For example, java.util.Collection now contains the following default methods:

default boolean        removeIf(Predicate<? super E> filter)
default Stream<E>      stream()
default Stream<E>      parallelStream()
default Spliterator<E> spliterator()

The removeIf method removes all of the elements from the collection that satisfy the Predicate⁸ argument, returning true if any elements were removed. The stream and parallelStream methods are factory methods for creating streams. The spliterator method returns an object from a class that implements the Spliterator interface, which is an object for traversing and partitioning elements from a source.

Default methods are used the same way any other methods are used, as Example 1-27 shows.

Example 1-27. Using default methods

List<Integer> nums = new ArrayList<>();
nums.add(-3); nums.add(1); nums.add(4);
nums.add(-1); nums.add(5); nums.add(9);
boolean removed = nums.removeIf(n -> n <= 0);  
System.out.println("Elements were " + (removed ? "" : "NOT") + " removed");
nums.forEach(System.out::println);

: Use the default method removeIf from Collection
: Use the default method forEach from Iterator

What happens when a class implements two interfaces with the same default method? That is the subject of Recipe 5.5, but the short answer is that if the class implements the method itself everything is fine. See Recipe 5.5 for details.

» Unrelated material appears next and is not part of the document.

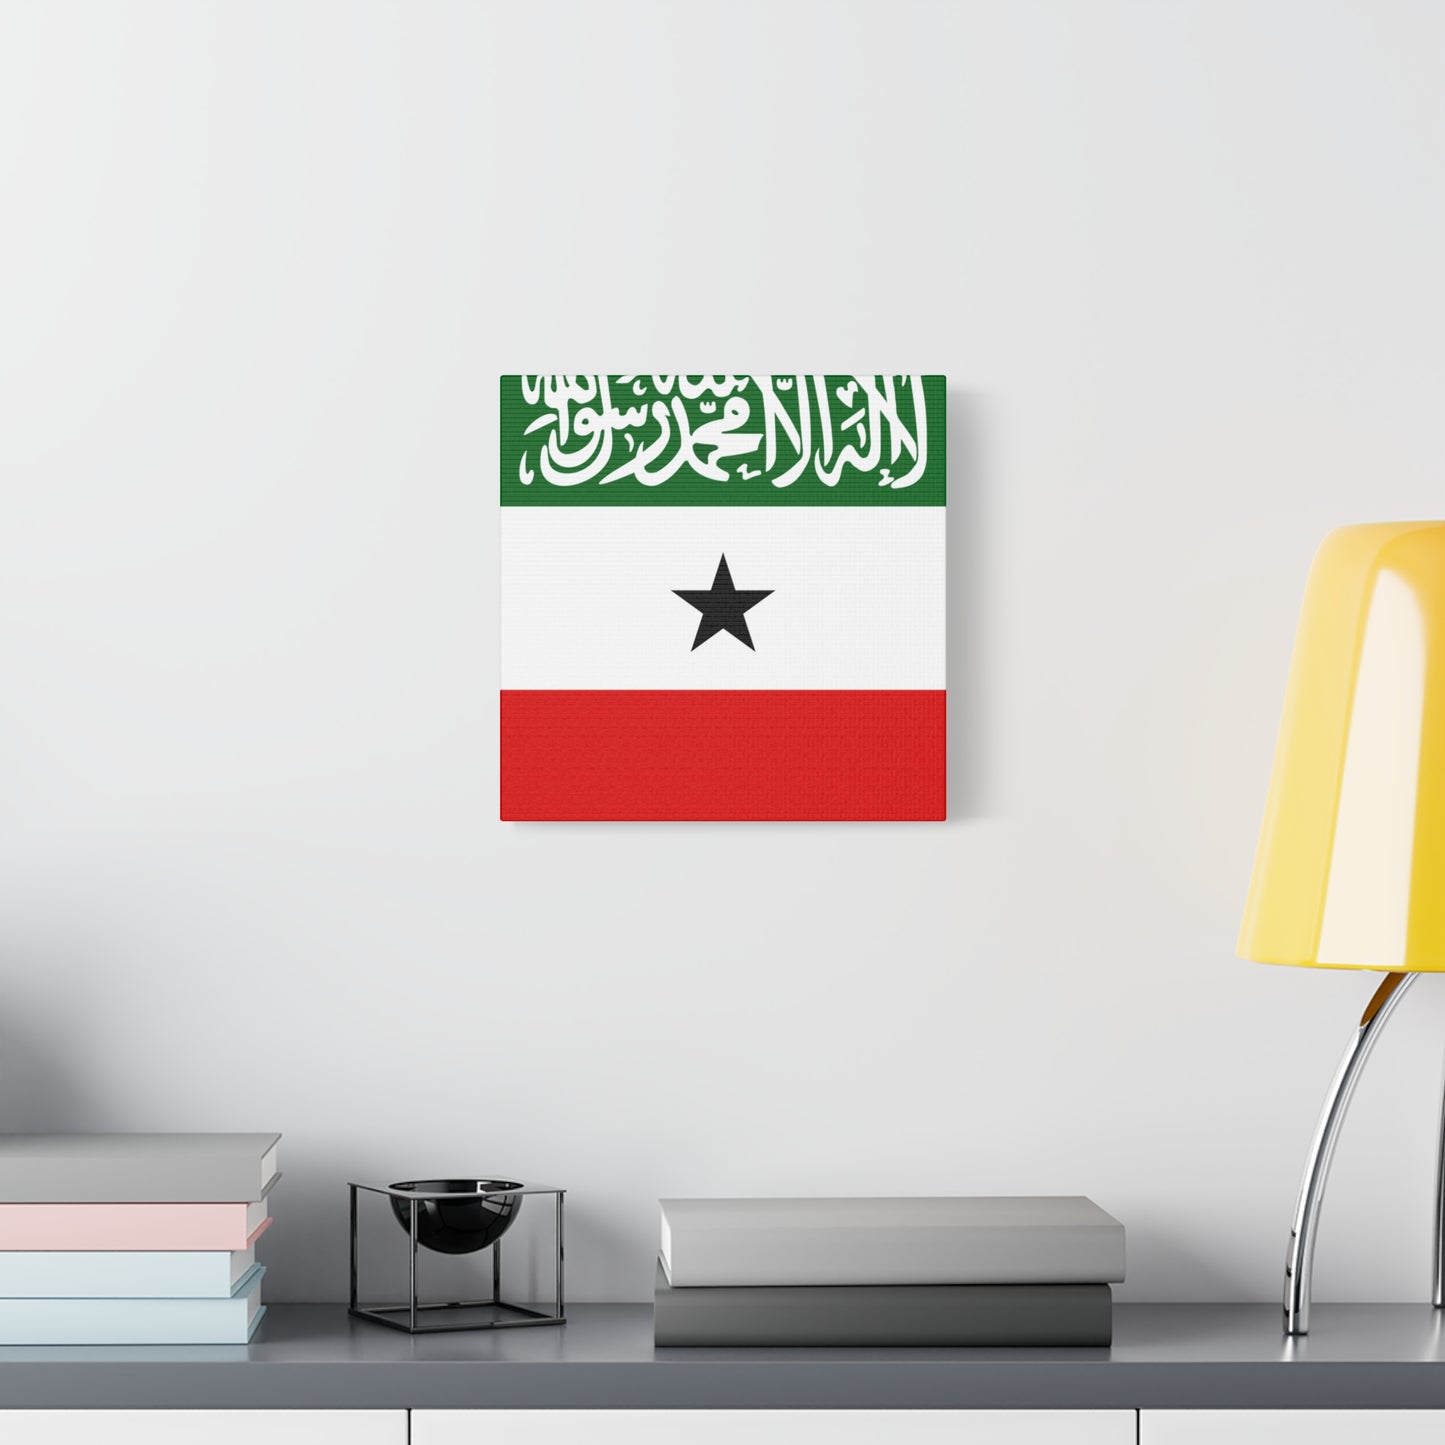 Canvas - Somaliland Flag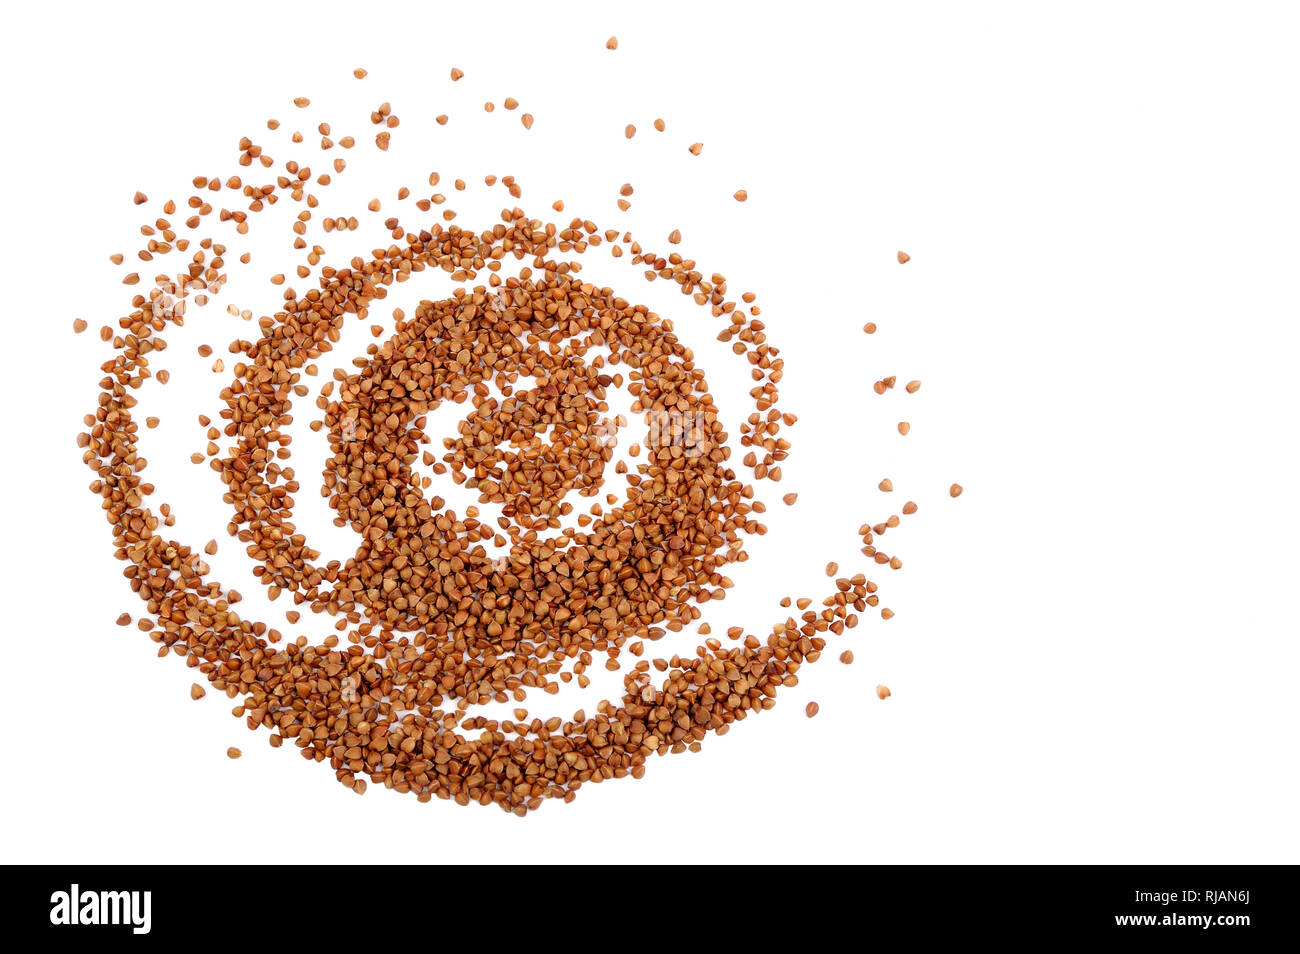 Wallpaper composizione astratta di organico grano saraceno .grano non contiene glutine, essa può essere mangiato da persone con glutine-disturbi correlati. Utile naturale Foto Stock

1.6 Static Methods in Interfaces

Problem

You want to add a class-level utility method to an interface, along with an implementation.

Solution

Make the method static and provide the implementation in the usual way.

Discussion

Static members of Java classes are class-level, meaning they are associated with the class as a whole rather than with a particular instance. That makes their use in interfaces problematic from a design point of view. Some questions include:

What does a class-level member mean when the interface is implemented by many different classes?
Does a class need to implement an interface in order to use a static method?
Static methods in classes are accessed by the class name. If a class implements an interface, does a static method get called from the class name or the interface name?

The designers of Java could have decided these questions in several different ways. Prior to Java 8, the decision was not to allow static members in interfaces at all.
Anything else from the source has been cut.